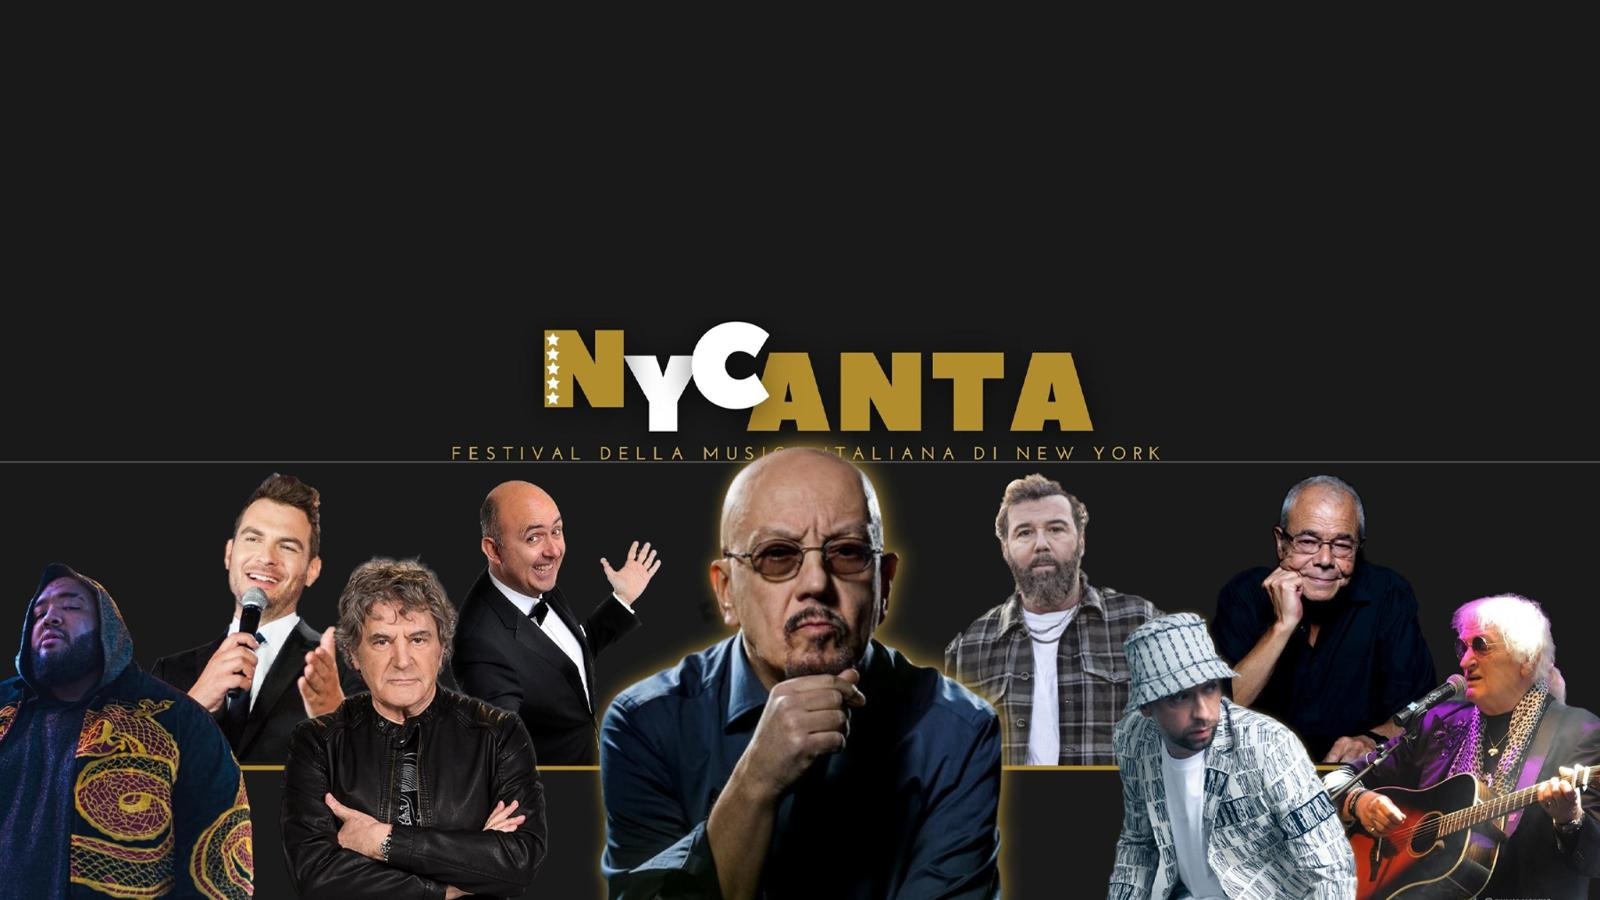 NYCANTA: registrations are open for the 14th edition
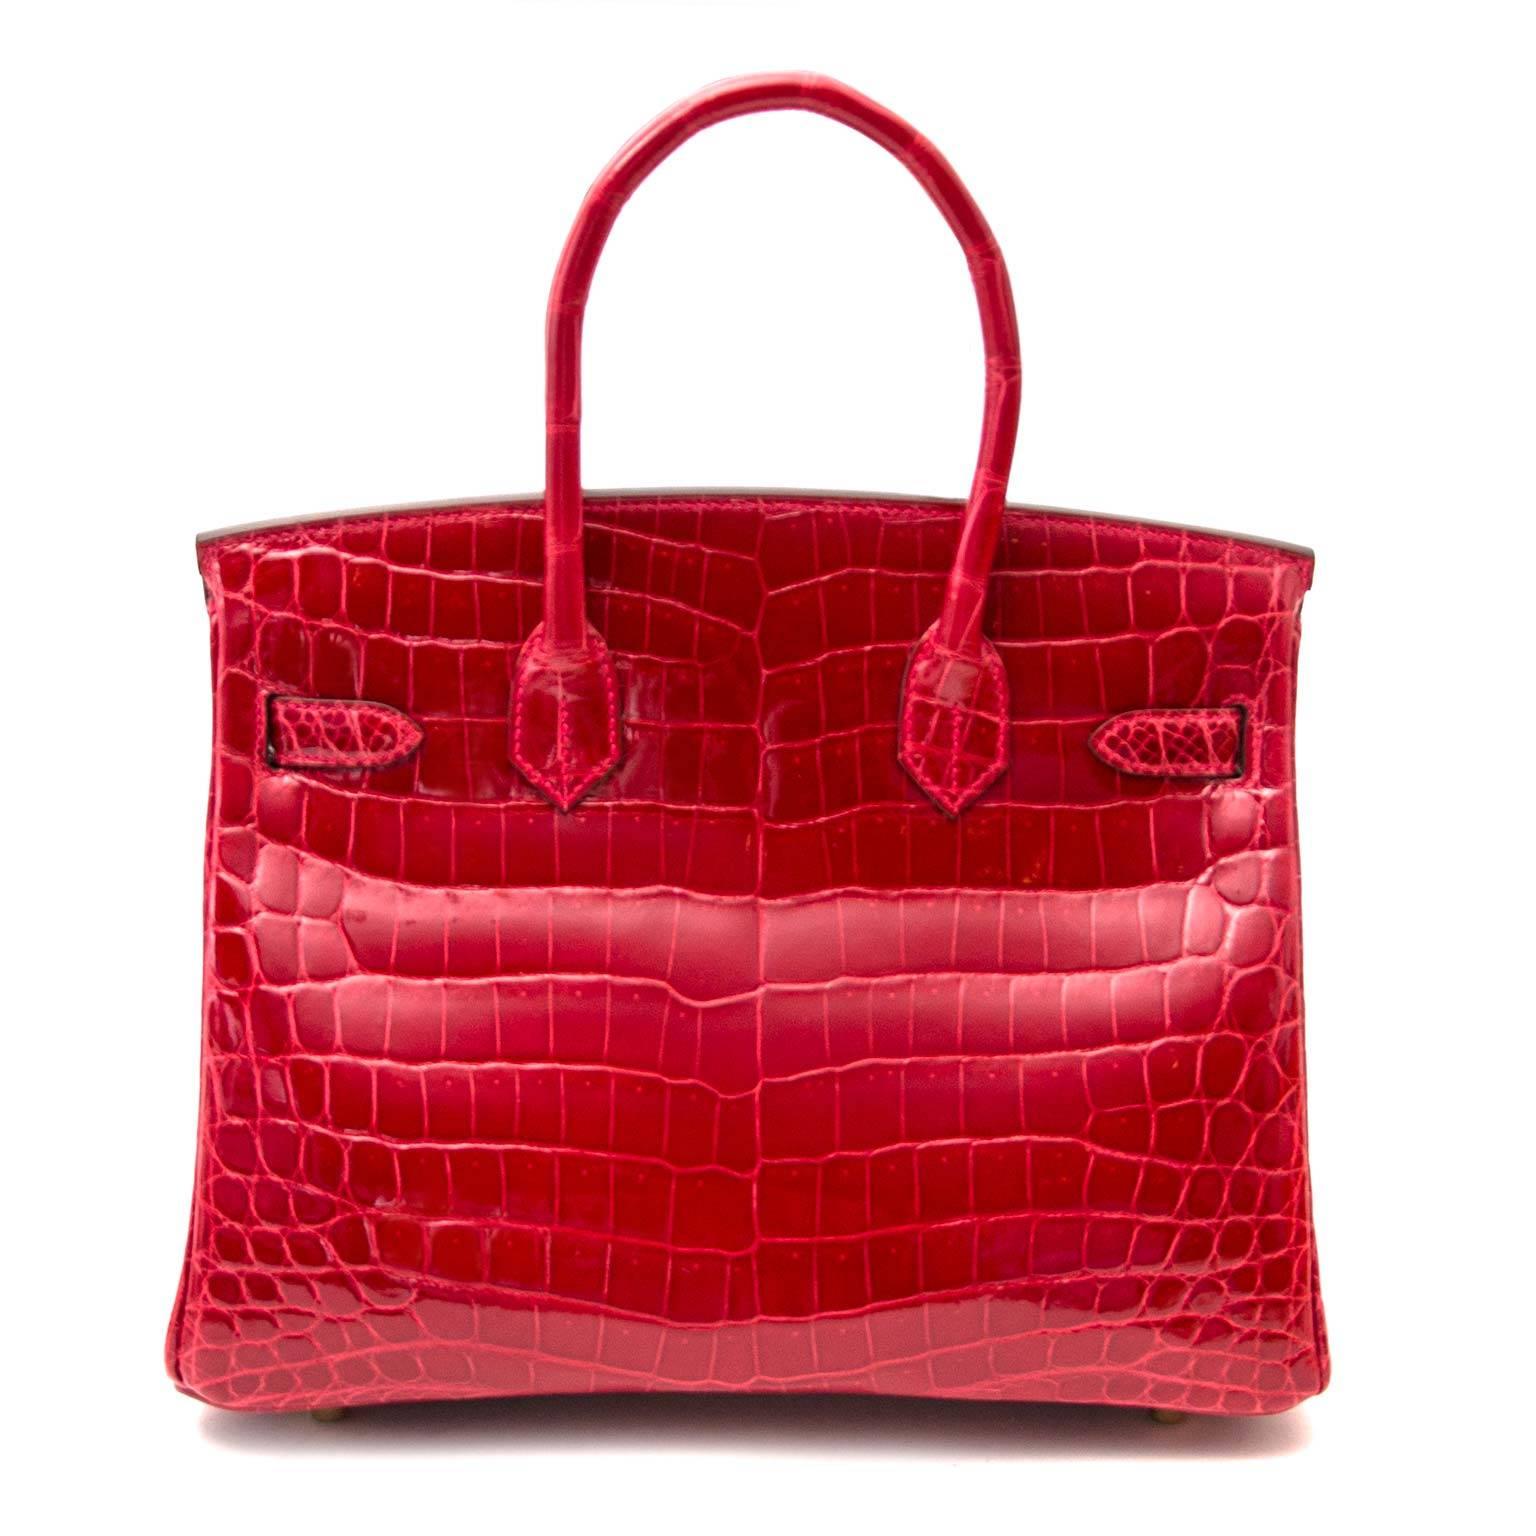 Brand New
Hermès Birkin 30 Crocodile Niloticus Braise GHW

This very rare and ultra luxurious Hermès Birkin comes in a rich and deep 'Braise' red color. The bag features gold toned hardware which gives this Birkin bag a very chic look. The bag is

________________

◆ Work request ◆
Output the listing above in full, exactly. No images.

◆ Response area ◆
 NYCANTA: registrations are open for the 14th edition
 Brand New
Hermès Birkin 30 Crocodile Niloticus Braise GHW

This very rare and ultra luxurious Hermès Birkin comes in a rich and deep 'Braise' red color. The bag features gold toned hardware which gives this Birkin bag a very chic look. The bag is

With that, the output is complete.